Ms. Prévost ably mixes first and third person here, something I often do myself to give the thriller an aura of mystery and suspense and to enter more inside the head of the main protagonist. The thoughts inside that head are a bit immature for a seventeen-year-old, as I said, but his pain and suffering are real. At several times in the story, Nick agonizes between leaving well enough alone and figuring out the mystery. I feel his agony—this is good writing, for young adults or otherwise.
I also feel Nick’s cultural shock. I was a bit older when I stepped off the plane in Bogotá, Colombia. I’m not sure I could have managed the cultural shock at seventeen. It’s easy enough to read about it, but hard to experience it. Ms. Prévost has experienced it and does a good job of transmitting that angst to the printed page in this novel. It’s not the main theme, of course, but cultural shock is another hoop that Nick must jump through. To their credit, the two hell raising brothers Faris and Mohammed help Nick along the road to international understanding. A pretty Arabian princess also provides motivation.

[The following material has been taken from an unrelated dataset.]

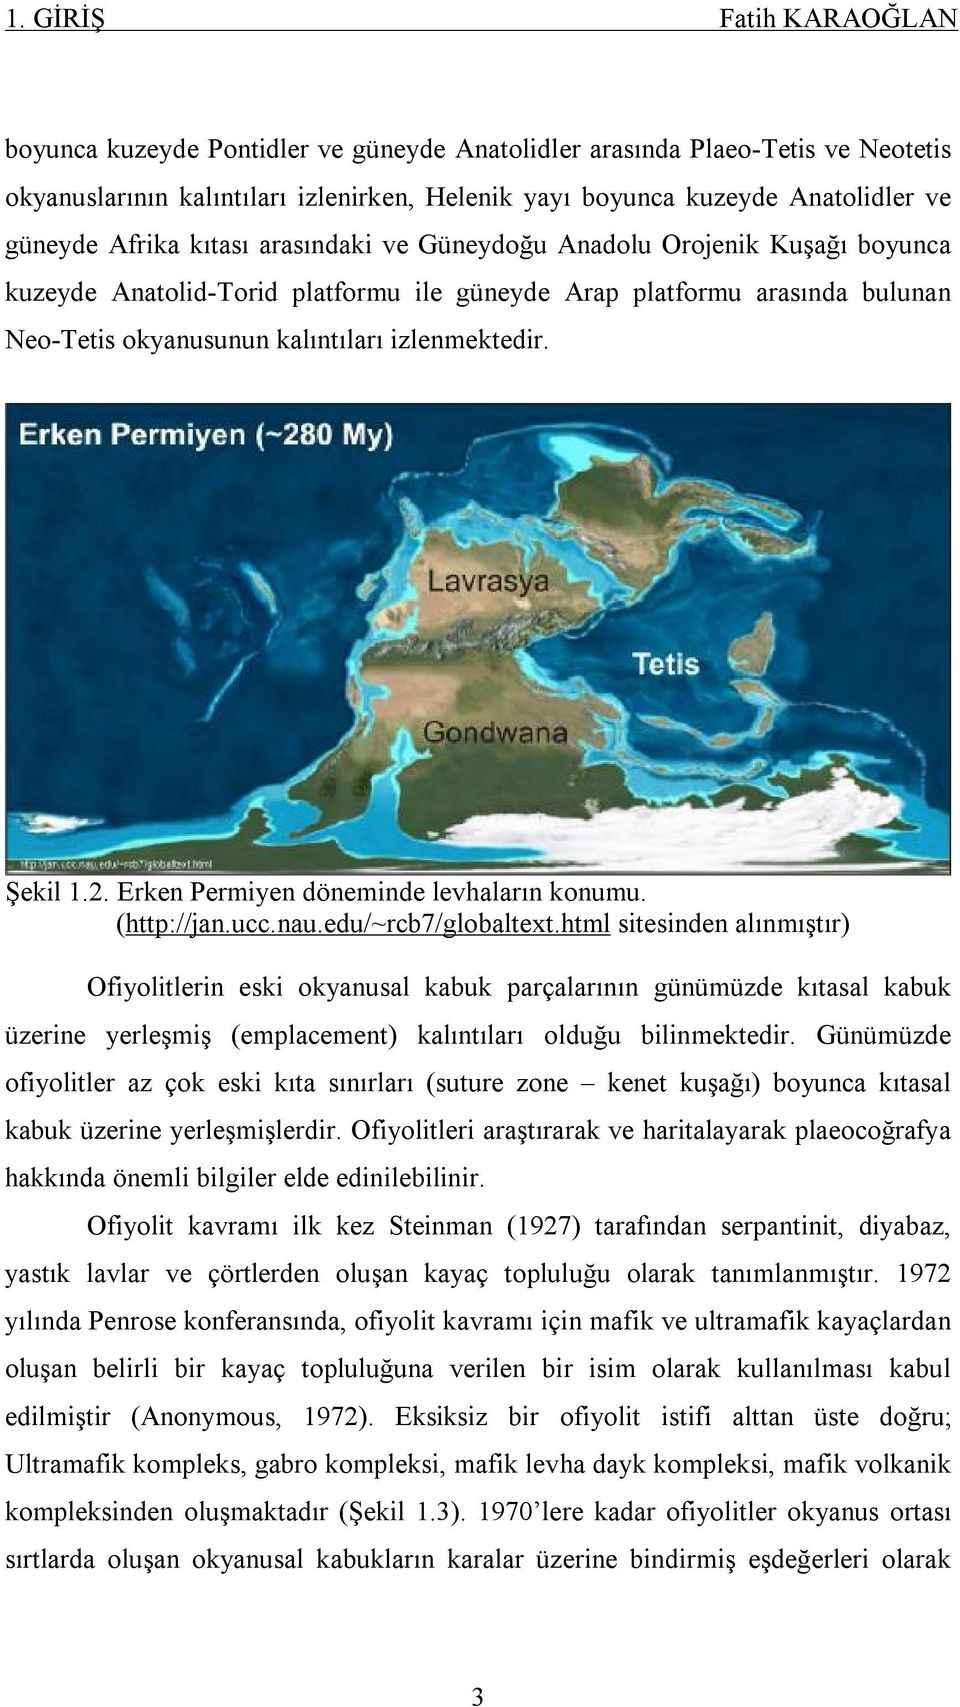 Şekil 1.2. Erken Permiyen döneminde levhaların konumu. (http://jan.ucc.nau.edu/~rcb7/globaltext.

Desert Fire is an exciting book for readers of all ages. It certainly had me on the edge of my chair. I had my finger of Jameson’s to calm my nerves—don’t ask me how young adults will do it. There are many scenes here that remind me of Ludlum’s Bourne series. I know why the author gave Nick the body of a seventeen-year-old if not the mind—it would be hard to imagine a younger boy surviving his physical ordeals and mental tortures. Even Nick wouldn’t have if his father hadn’t pounded survival skills into him.
I’m not going to go into whether the language here is appropriate for young adults. I’m not sure whether I agree with the experts about the vocabularies of twelve-year-olds anyway. It’s too much of a moving target. I tried my own YA novel out on my twelve-year-old niece, but she has continuously surprised me with her precocious reading vocabulary and writing skills, so my trial was probably flawed. Kids nowadays are all over the board. Maybe we have J. K. Rowling to thank for that. Or, role-playing video games are making kids read more because they want to go beyond the limited roles they find in the games. I’m sure there’s a doctoral student writing a thesis about this somewhere right at this moment.
As always, in my role as a reviewer, I did find a few nits to pick, all trivial here. First, there is one occasion where the first person/third person dance went awry and momentarily confused me. Second, the author speaks of pilots’ suits that are “designed to exert pressure on their legs and abdomens to keep blood from rushing away from the brain during high speed flights.” [Italics mine.] Test pilots out there can correct me if I’m wrong, but I think it’s the acceleration that produces the blackouts, not the speed. Pilots in high-g turns can blackout (8 or 9 g’s is the limit).
Finally, I found the father’s change of character at the end disconcerting. It’s possible that the author is setting up the sequel where the father will play a more important role beyond being Nick’s past tormenter. Nevertheless, his turnabout defied what I know about human nature. Either the author should have hinted all along that he wasn’t such a bad guy or she should have left him out of the ending.
These nits represent minutia. They didn’t distract from an enjoyable and exciting story about a different culture and the fight against terrorism. The author set out on a journey to entertain and admirably succeeded. She gets an A+. Young adults and young-at-heart adults, all looking for a thrill ride will not be disappointed. I’m looking forward to the sequel.